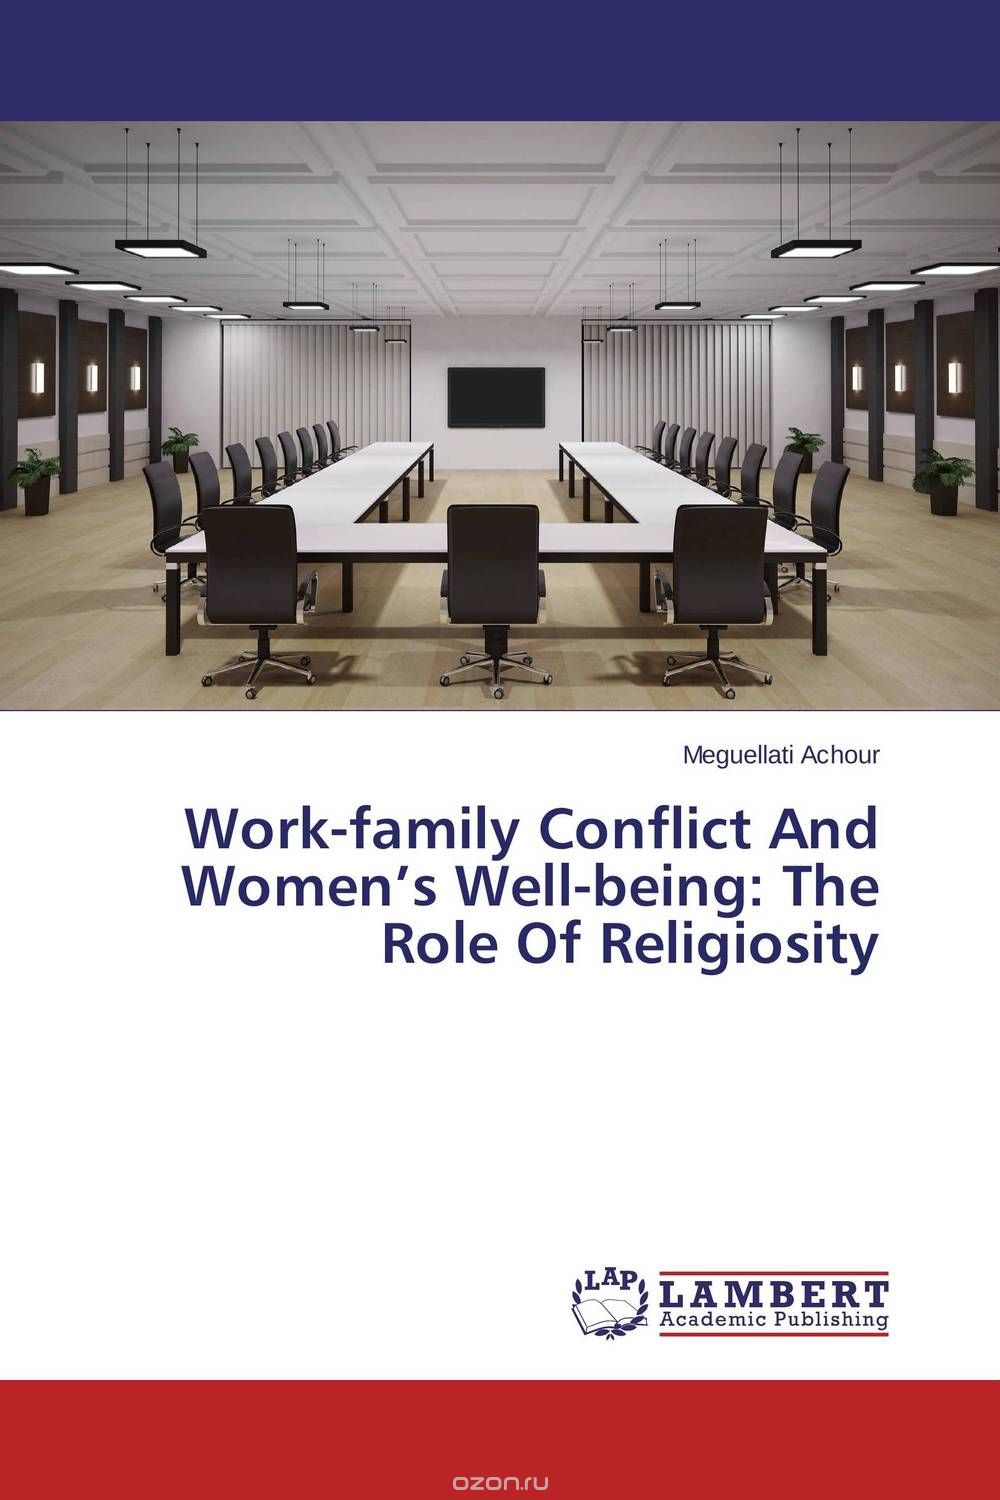 Скачать книгу "Work-family Conflict And Women’s Well-being: The Role Of Religiosity"
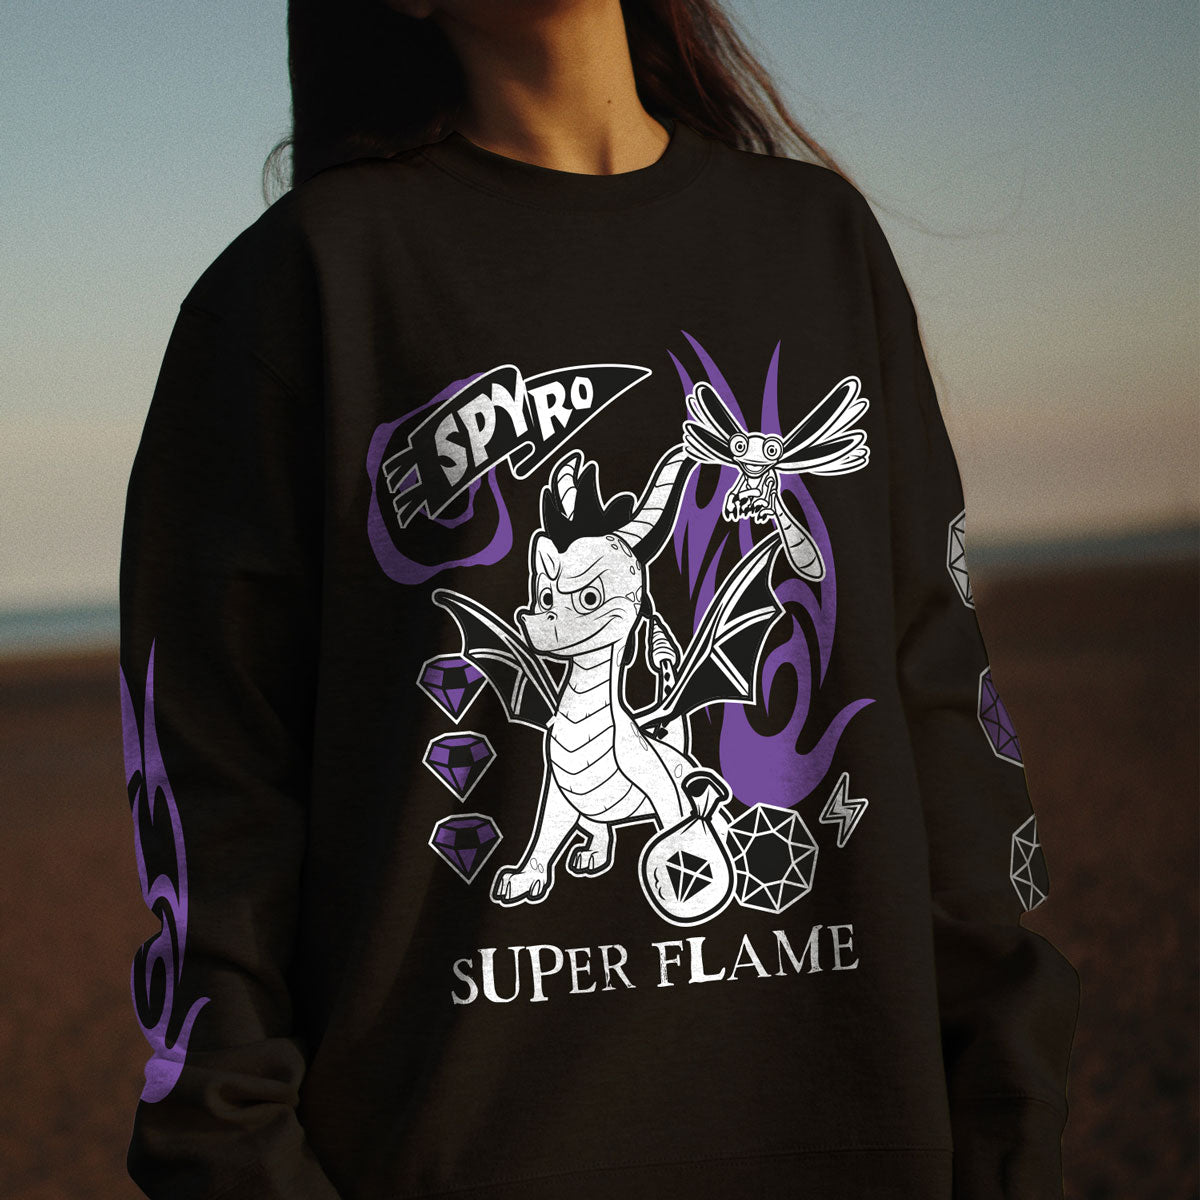 Spyro the Dragon Super Flame Sweatwhirt with Sleeve Prints
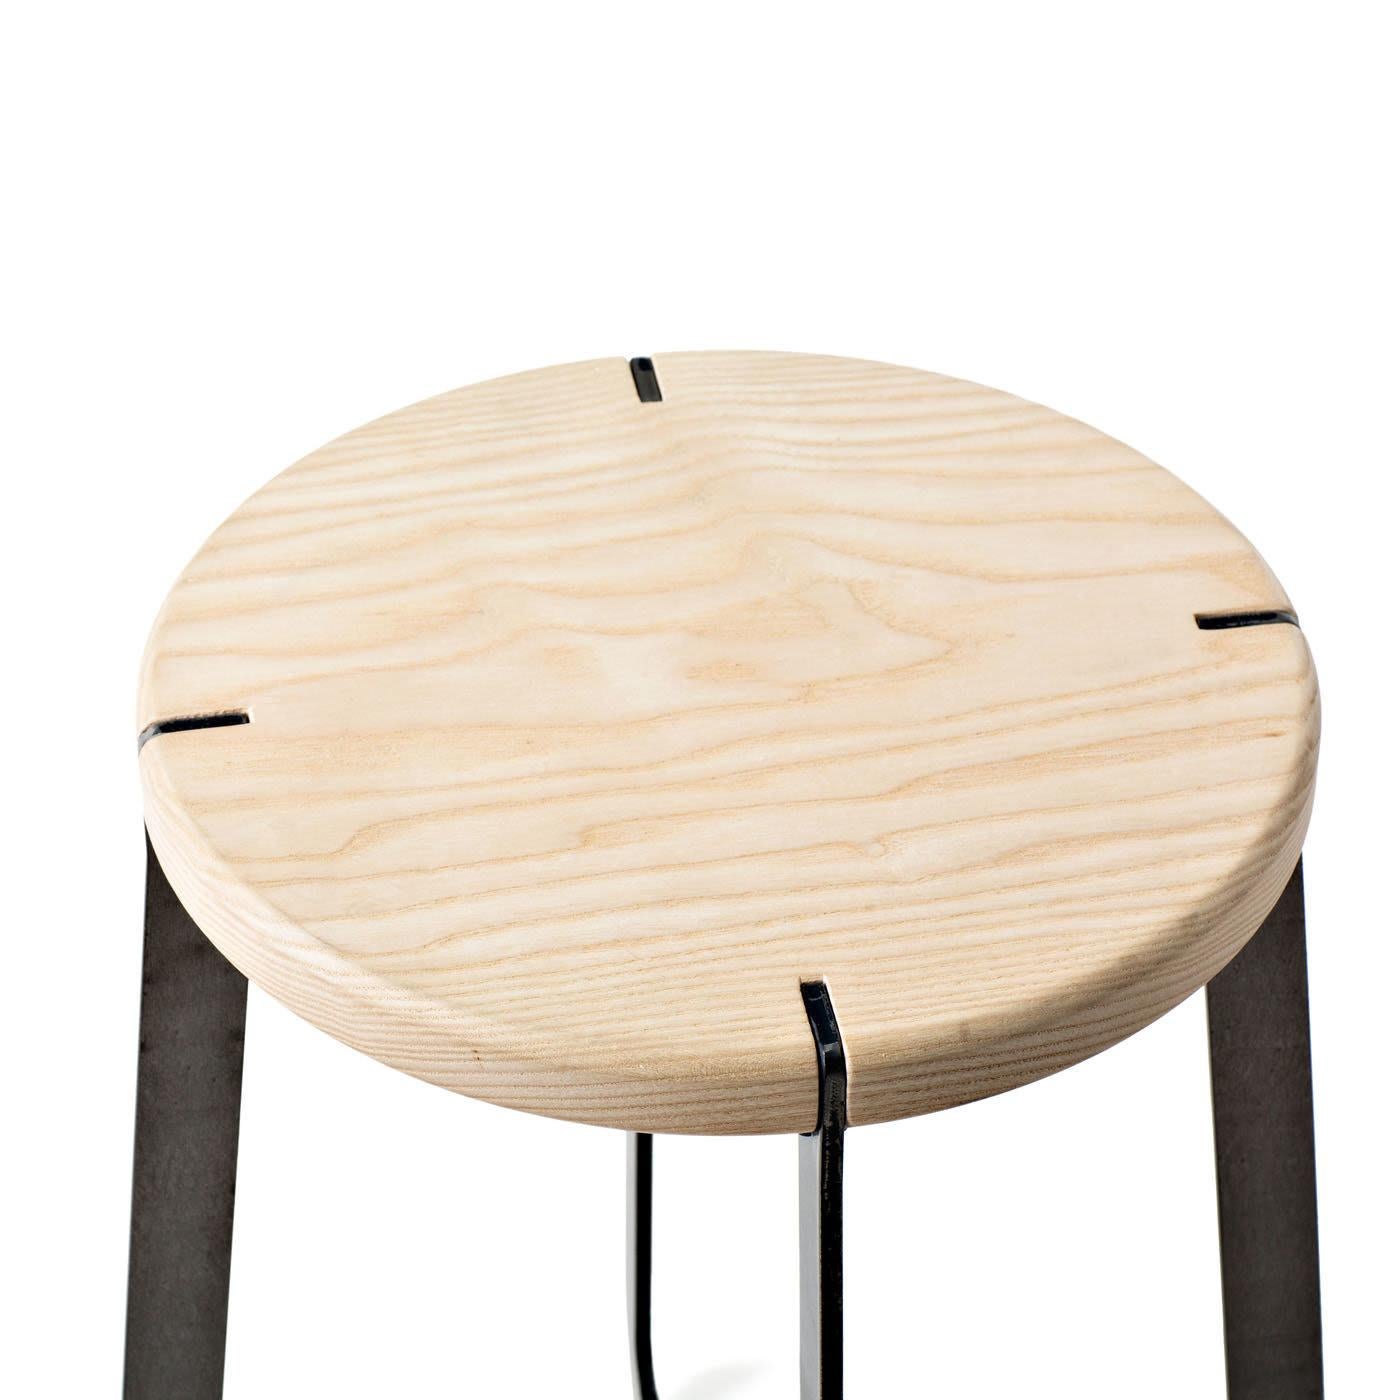 This stool bears a minimalist sophistication, its name inspired by one of the most extraordinary territories in the Mediterranean, Puglia. This piece evokes a distinct harmony, mixing two contrasting materials for a flawless effect. The varnished
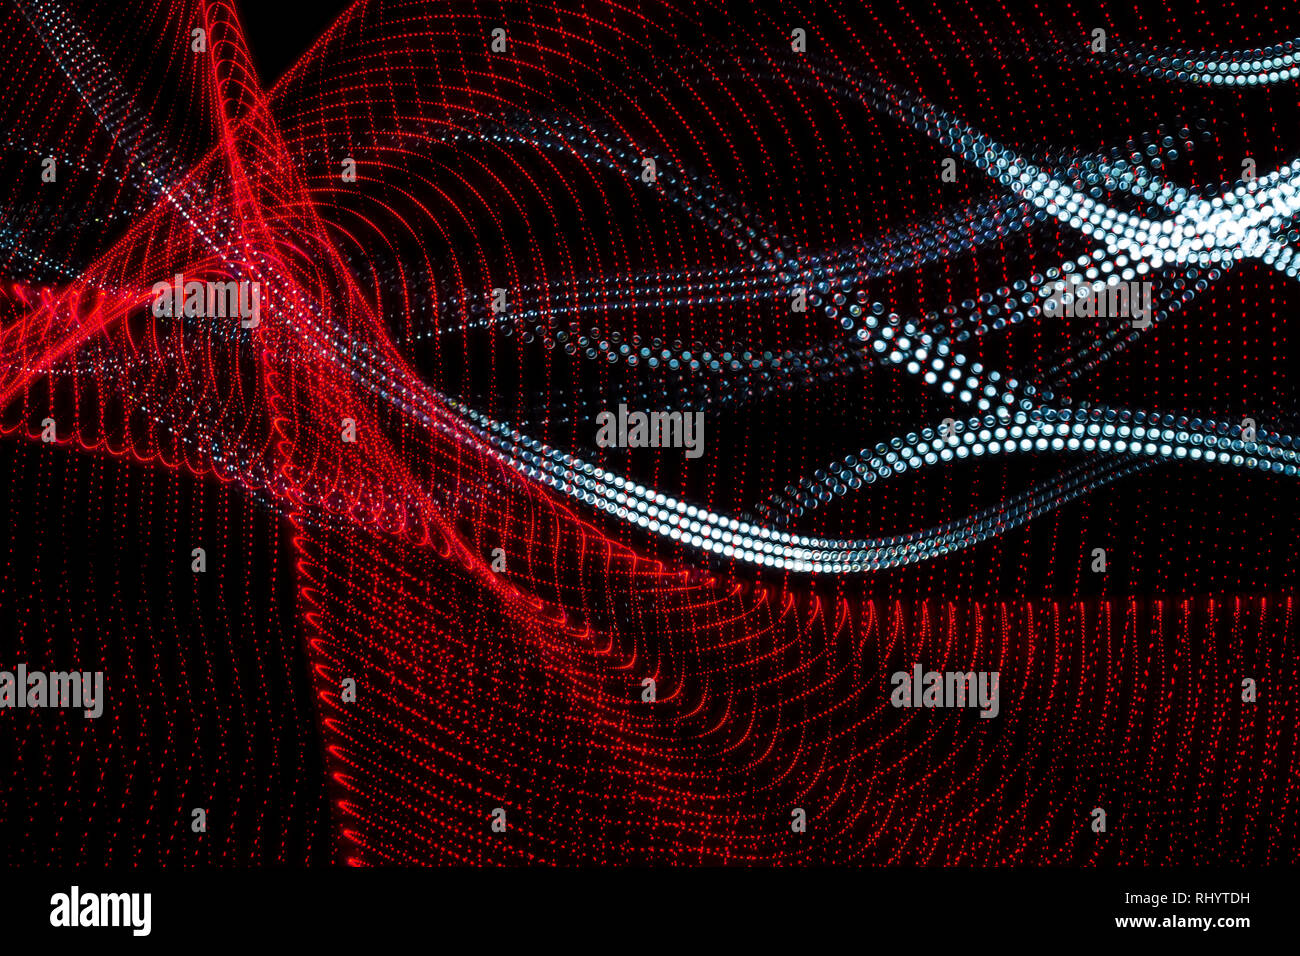 Colorful and abstract lines curved shapes on black background. Abstract light painting. Stock Photo

----------

Assigned task: Starting at the line that contains "This stool bears", retype each line through the final one in the listing, with both ends kept and the pictures omitted.

Result:
 This stool bears a minimalist sophistication, its name inspired by one of the most extraordinary territories in the Mediterranean, Puglia. This piece evokes a distinct harmony, mixing two contrasting materials for a flawless effect. The varnished
 Colorful and abstract lines curved shapes on black background. Abstract light painting. Stock Photo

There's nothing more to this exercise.